Images: Non-metastatic breast cells (top) vs metastatic breast cells (bottom)
Their work wouldn’t be possible without access to cutting-edge imaging technology as well as the computational methods and expertise needed to make sense of the huge amount of data produced.
Dr Bakal explained that every cell has about 20,000 genes that can produce millions of proteins. In cancer, hundreds or even thousands of these proteins will play a role in regulating cell shape, so you need to know where to look find the right ones that could be targeted to treat the disease.
And this is one of the key strengths of Professor Bakal’s lab – world class researchers with a deep knowledge of cancer biology who are also extremely skilled at working with cell imaging data to find that needle in a haystack.
Using large scale genetic screens and algorithms to recognise features of cells, they are gaining a unique understanding into what is happening in cancer cells when they metastasise.
Seeing proteins in super-resolution
Professor Bakal and his team have identified hundreds of proteins that play a role in the shape of cells in cancer:
“We’ve found interesting proteins, we’ve found interesting genes, now we want to find out what they’re doing.”
Physicist Eric Betzig at the Janelia Farm Research Campus in the USA won the 2014 Nobel Prize in Chemistry for his role in developing super-resolution microscopy. Professor Bakal has been working with super-resolution technology only available at Janelia Farm to look at cancer cells closer than ever before.

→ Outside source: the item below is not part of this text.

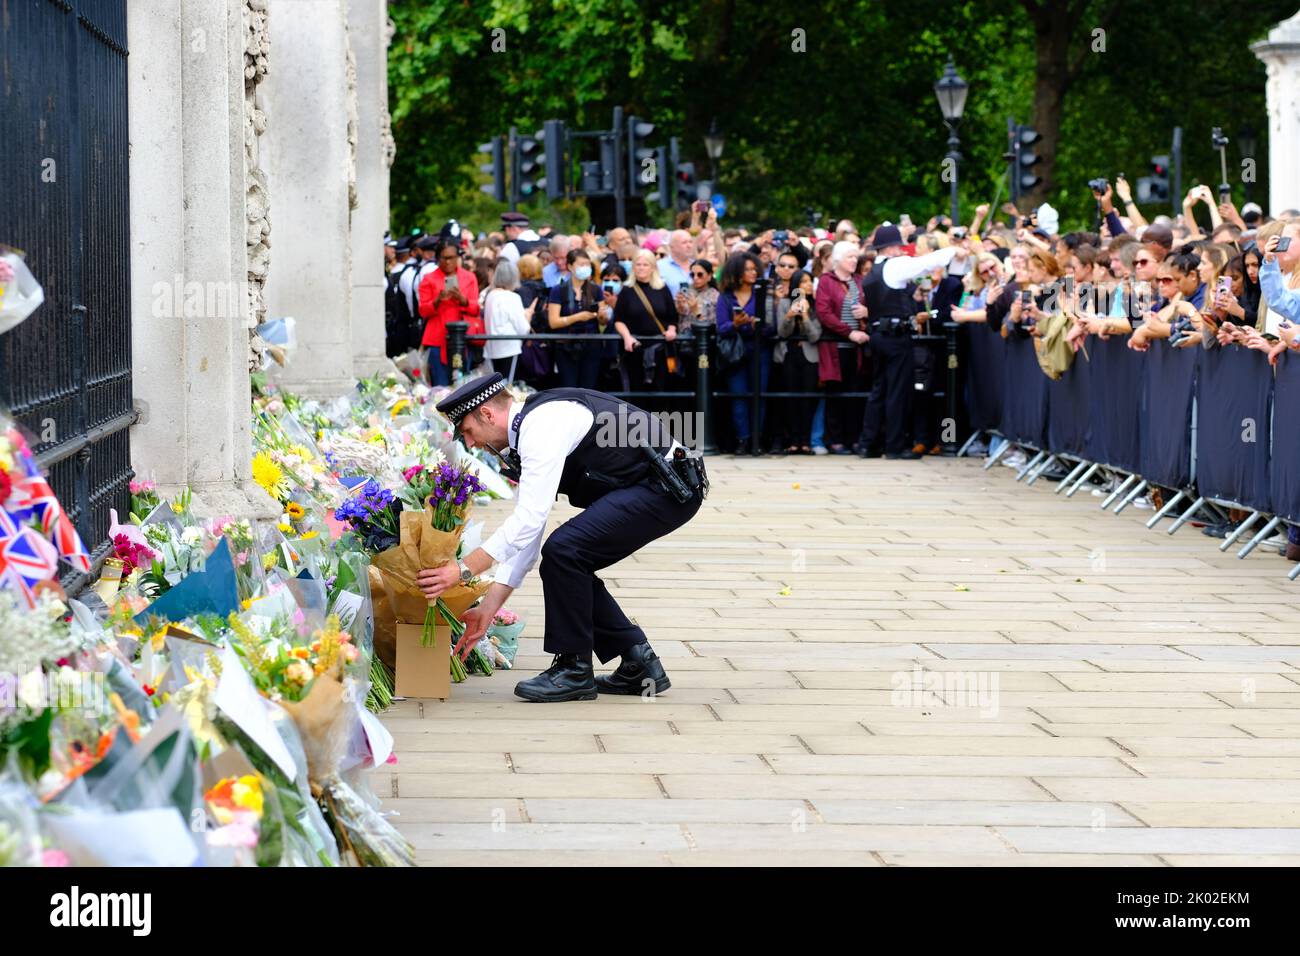 Buckingham Palace, Londres, Royaume-Uni – vendredi 9th septembre 2022 – Un policier dépose des fleurs transmises par la grande foule devant Buckingham Palace alors que le public pleure la mort de la reine Elizabeth II hier. Photo Steven May / Alamy Live News Banque D'Images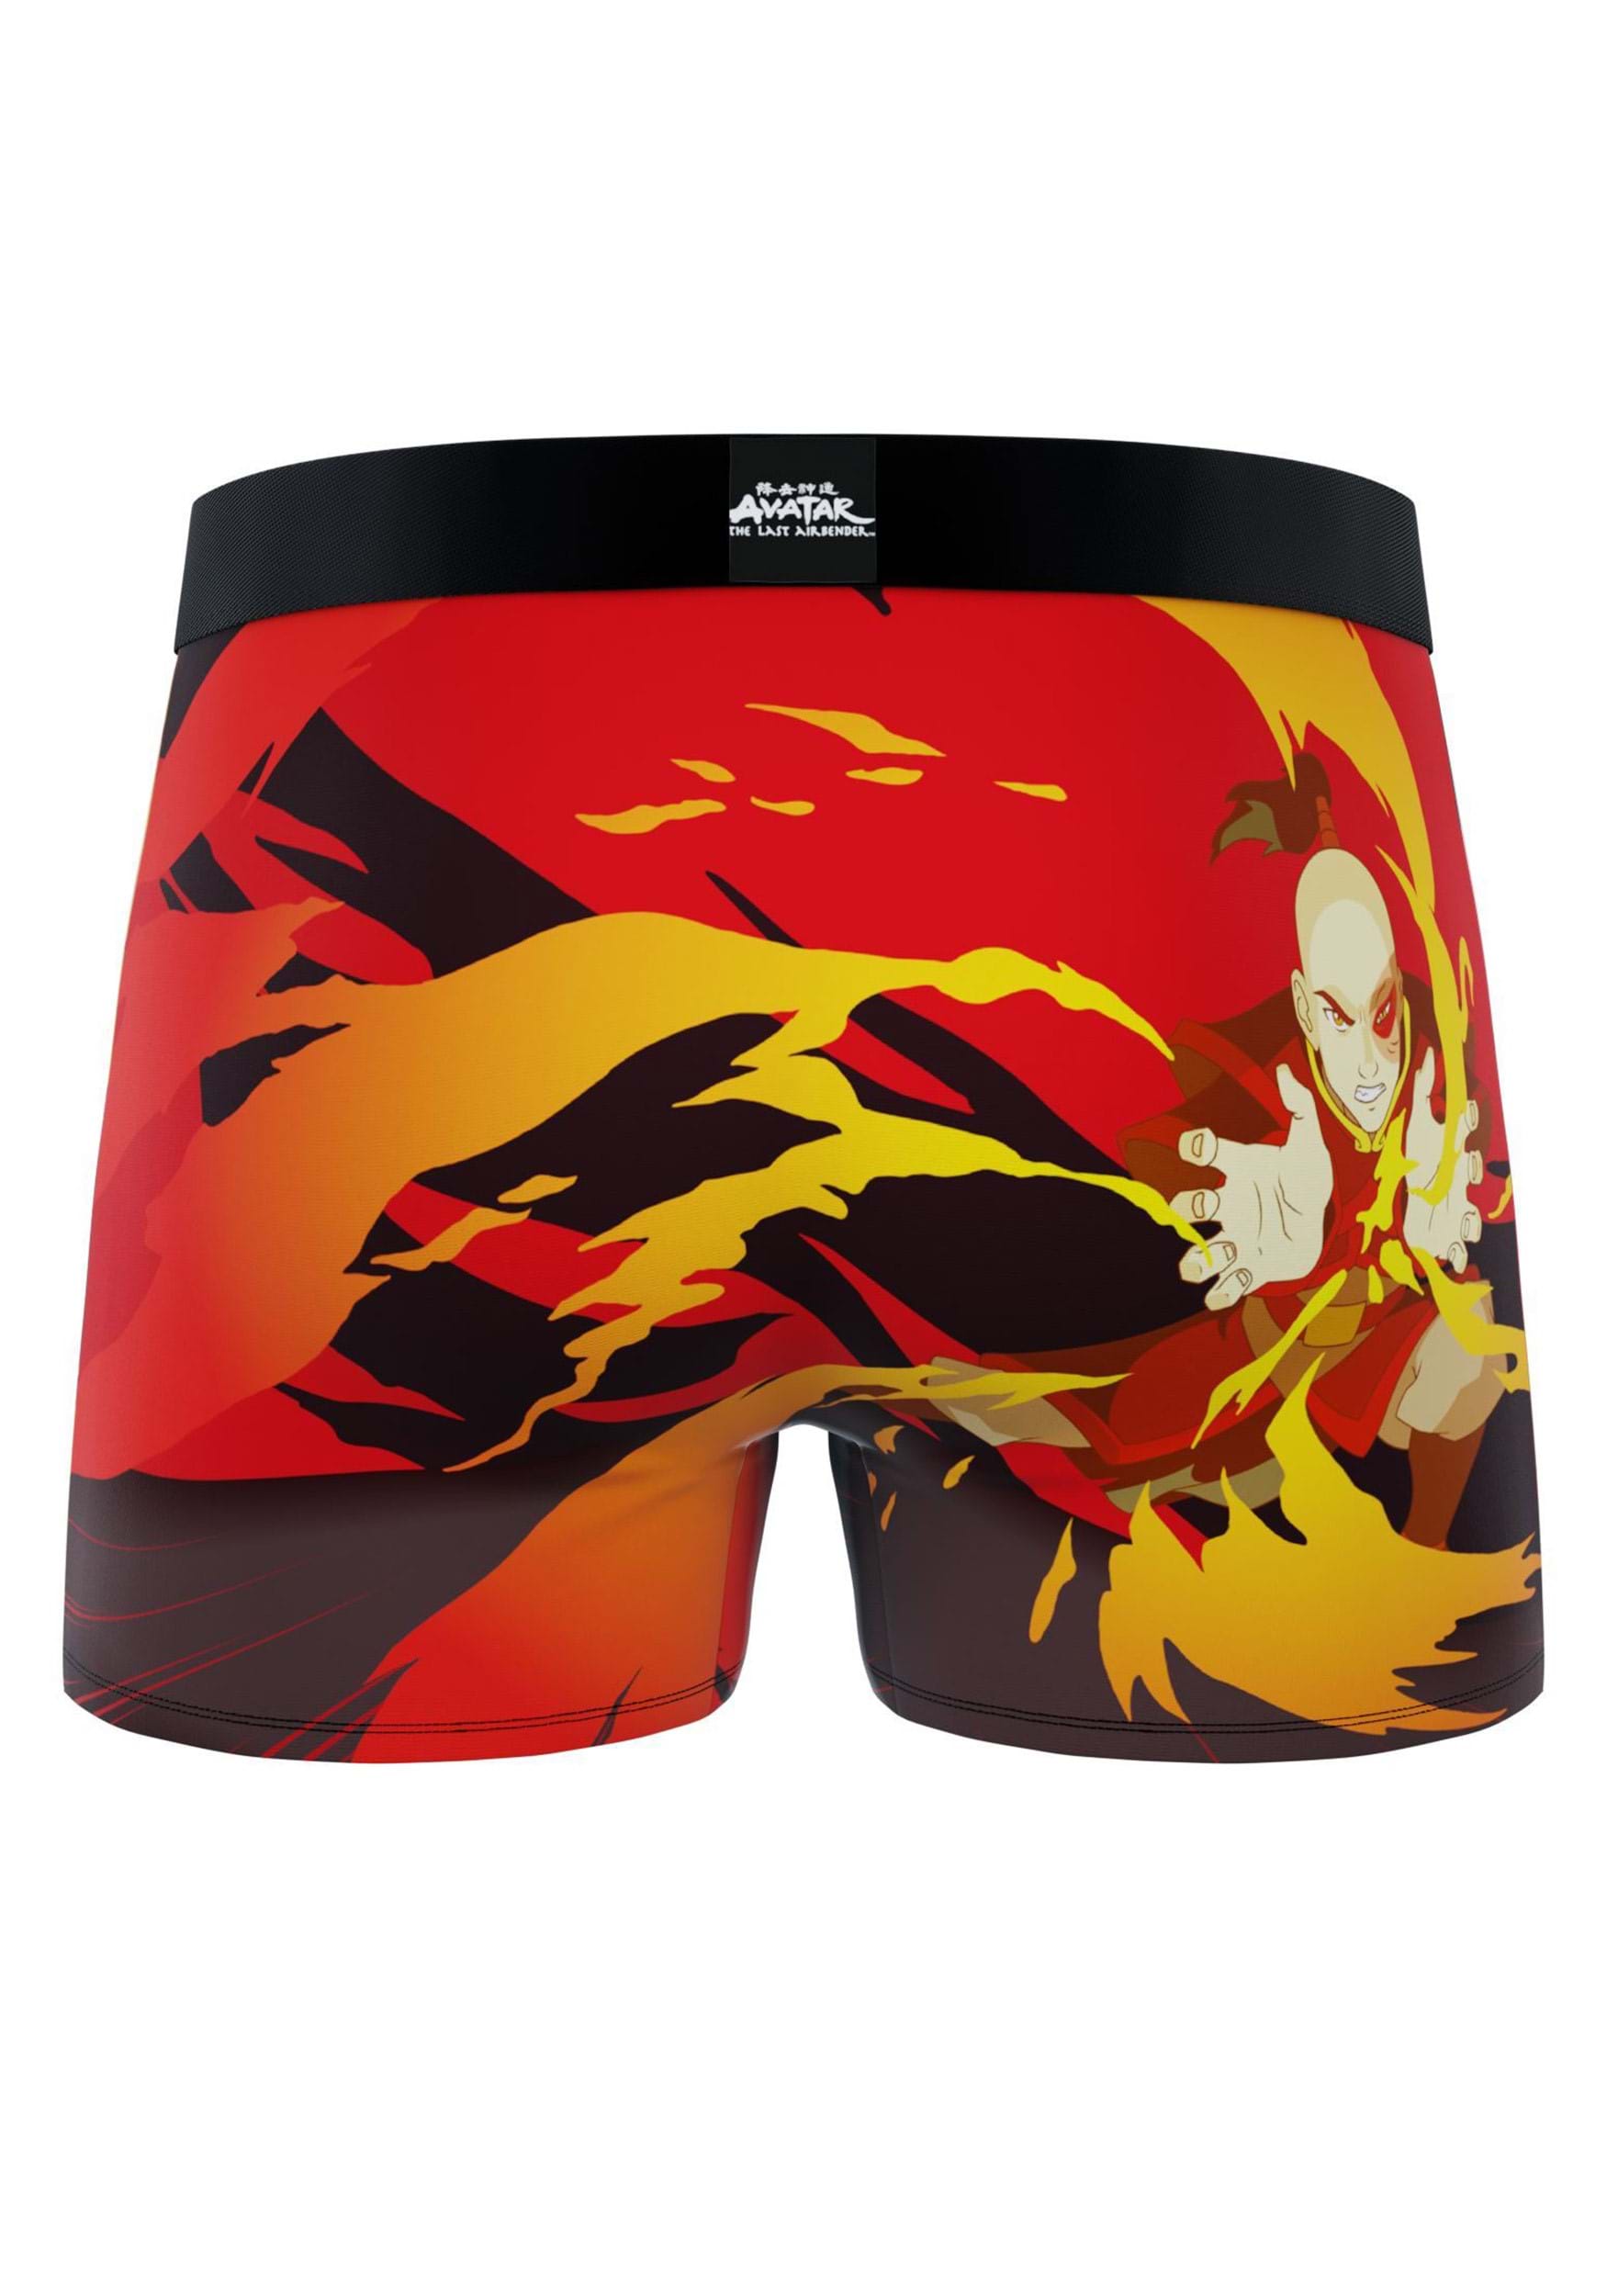 2 Pack Zuko And Avatar Men's Boxer Briefs , Men's Underwear

They are studying focal adhesions in cancer cells – groups of proteins that form finger-like attachments on the surface of cells that help them sense their environment.
Image: Super-resolution microscopy images of focal adhesions, which can produce highly detailed images of regions of cells down to individual proteins, which is helping to understand more about processes like metastasis.
Using super-resolution microscopy, they have focused in on single focal adhesions on cancer cells to see how their proteins are arranged.
Looking at cancer cells in such unprecedented detail is key to understanding how their focal adhesions differ to those found on healthy cells, which could help explain how cancer cells move and spread.
“Were using super resolution microscopy to really see these structures in cancer cells for the first time,” said Professor Bakal. “No-one has ever seen this before because they haven’t been able to look at cells so closely.”
They hope their research will identify proteins that could be targeted by drugs to prevent cancer cells from changing shape and improve treatment.
Professor Bakal said: “If we can target cell shape changes, if we can freeze cancer cells in one particular shape, we can stop them from metastasising, and we can turn an incurable disease into a curable one.”
The next step for Professor Bakal’s lab is to combine the detail of super-resolution microscopy with the speed of other microscopy techniques. He’s doing just that with Imperial College London – the two institutions are working together to build a new high-speed super-resolution light sheet microscope.
This new microscope will be able to produce hundreds of ultra-detailed images of cells in just 30 minutes, compared with hours per image at the moment, which will really speed up what they are able to learn about cancer cells and metastasis.
Sharing his exciting findings, Professor Bakal emphasised that it takes more than the best technology to make the discoveries that defeat cancer, it also take world class researchers to make connections and ask the right questions, and that continued support is vital to keep pushing cancer research forward.
“Cutting-edge microscopy is essential to find out how to stop cancer cells from changing shape, but the best microscopes in the world need to be paired with new computational methods, artificial intelligence and big data methods to find new drugs.”